Getting There & Around
Roeselare is 120km from Brussels. The car journey takes around 1.5 hours using the E17, the A19 and the N36. From Ghent, the distance is 70km, one hour by car.
By train, the journey from Brussels takes an 1 hour 45 minutes, and from Ghent, Roeselare can be reached in an hour.
From Roeselare station, you can walk to the brewery in 10 minutes. The bus ride takes 15 minutes.
Cyclists will find plenty to their liking in and around Roeselare. This town was home to cycling gods such as Patrick Sercu, Jean-Pierre Monseré and Freddy Maertens.
Cycling is still very much alive, with classics such as Dwars door Vlaanderen (straight across Flanders) still hotly contested. The Wielermuseum (cycling museum) takes you through local cycling history.
You can also hike around the region using the network of numbered nodes, allowing you to make up your own route. Walking and cycling maps can be obtained from the local tourist offices.
Gastronomy, Food & More Beer
Tradition decrees that shrimps should be served with a sweet-and-sour Rodenbach. The brewer describes the taste of his beer as ‘three-dimensional’: mildly sour, full-mouthed and dry.
Why is this beer so well suited to fish, sea food and crustaceans? Fish has a high protein content. The acids in the beer help to dissolve these proteins.
A beer such as Rodenbach also aids digestion. The acids contained in the beer (ascetic acid and lactic acid) help to tenderise meat.
And why is a Rodenbach a great choice for use in the kitchen?
First and foremost, it is a great-tasting beer. In addition, Rodenbach is a healthy product with a relatively low alcohol content. And last but not least, the acids contained in the beer make for better taste absorption.
Chef Viki Geunes of Antwerp’s two-star restaurant, ‘t Zilte, serves a Rodenbach Vintage with a lobster bouillon with tuna flakes and radish, his gastronomic interpretation of the classic Rodenbach and prawn combination.

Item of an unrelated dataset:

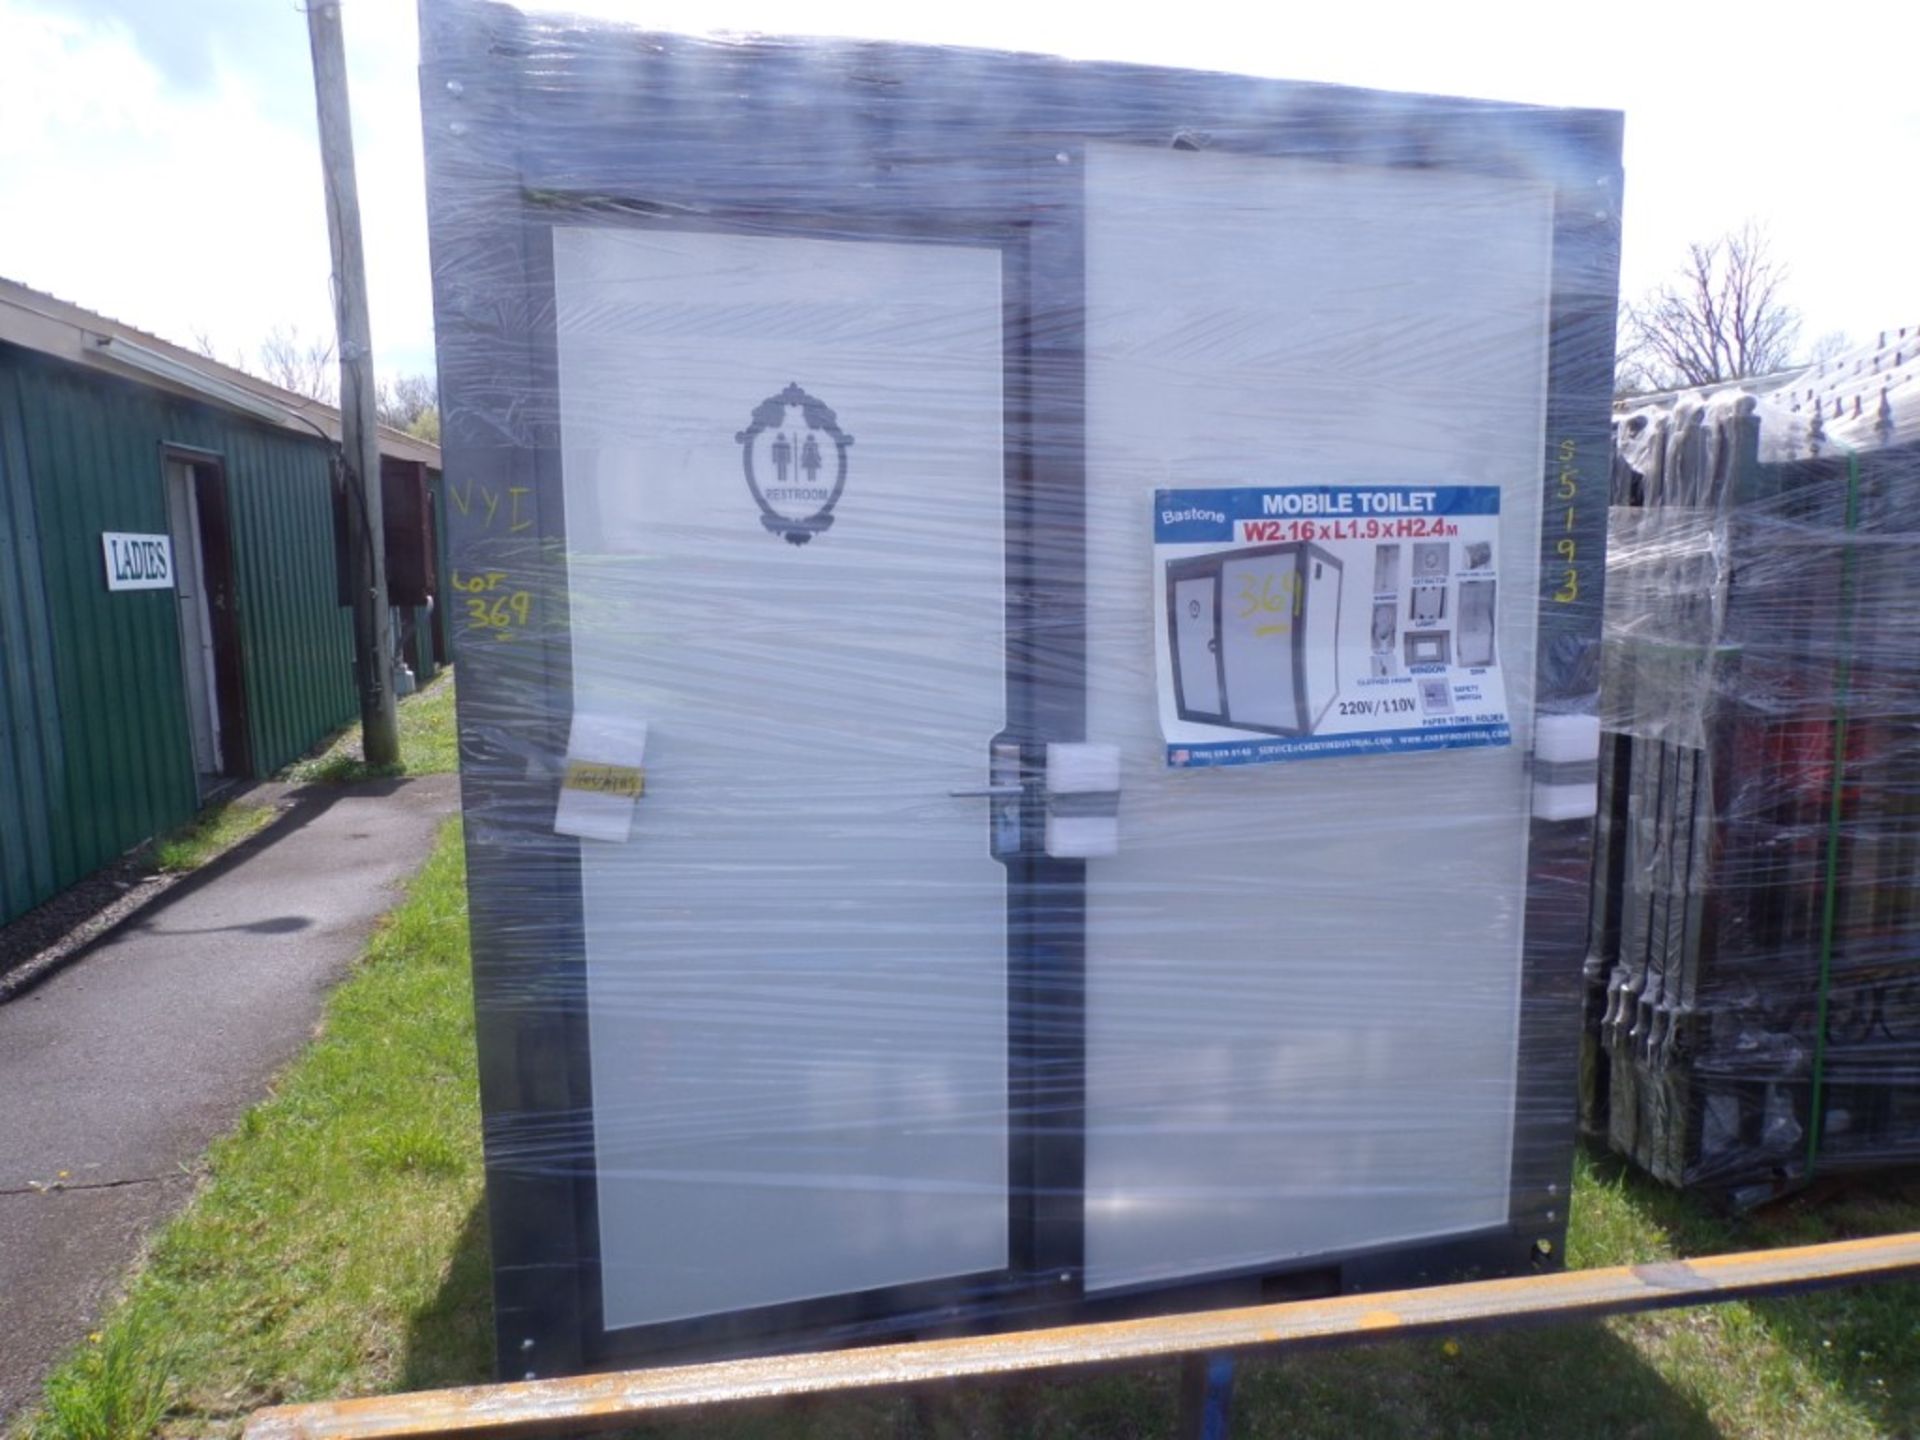 New Bastone Portable Toilet, Full Bathroom, Shower, Sink, Light, Requires Electric and Sewer Hook Up
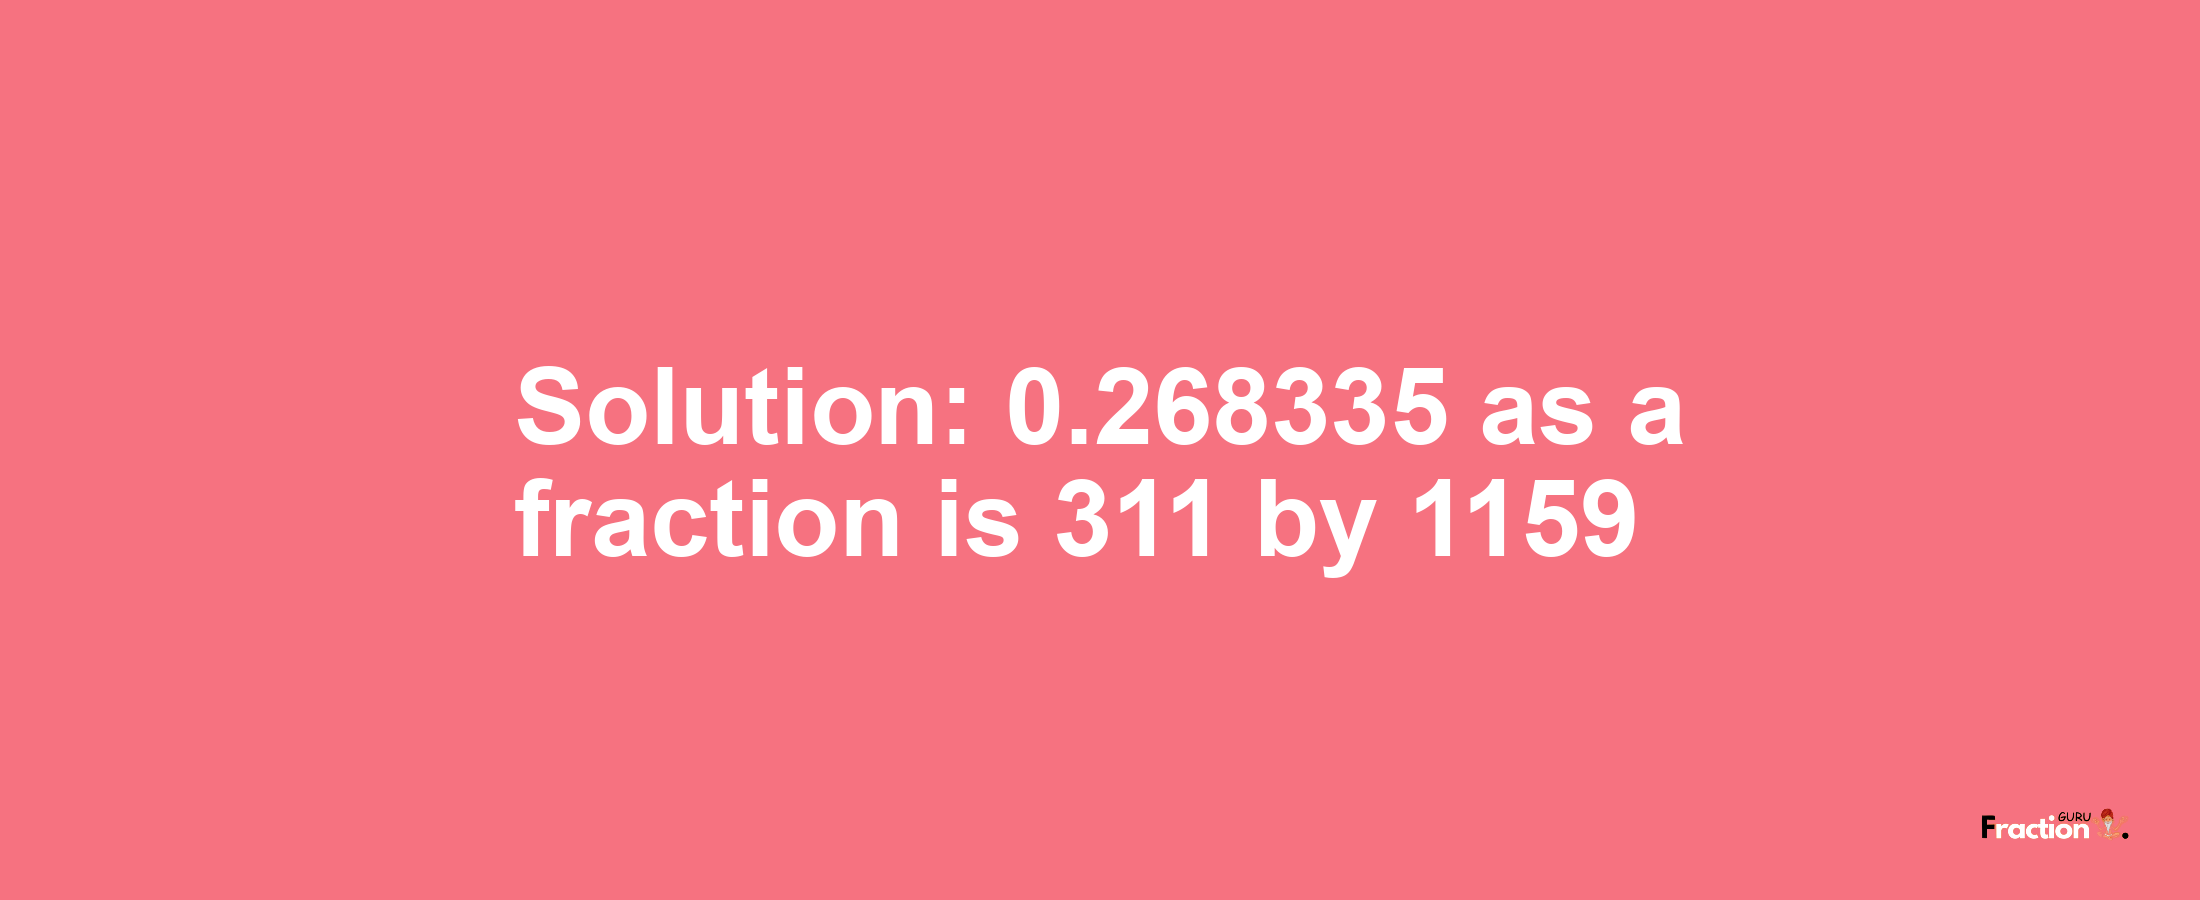 Solution:0.268335 as a fraction is 311/1159

This freshly sour beer provides a splendid contrast with the smoky flavour of the fish and the sweetness coming from the lobster.
Chef Viki also prepares a jus to accompany a fillet of roe deer, using the bones of the deer that have been marinated in the beer.
This dish is served with a fennel pudding, Savora mustard and kumquats. The acidity of the beer provides a contrast with the zesty, slightly sweet flavours that form the basis of this dish.
For dessert, the chef suggests a Rodenbach jelly made with dark Belgian chocolate and coffee. Viki Geunes was instrumental in the development of the Rodenbach Caractère Rouge, where fresh fruits are macerated with beer.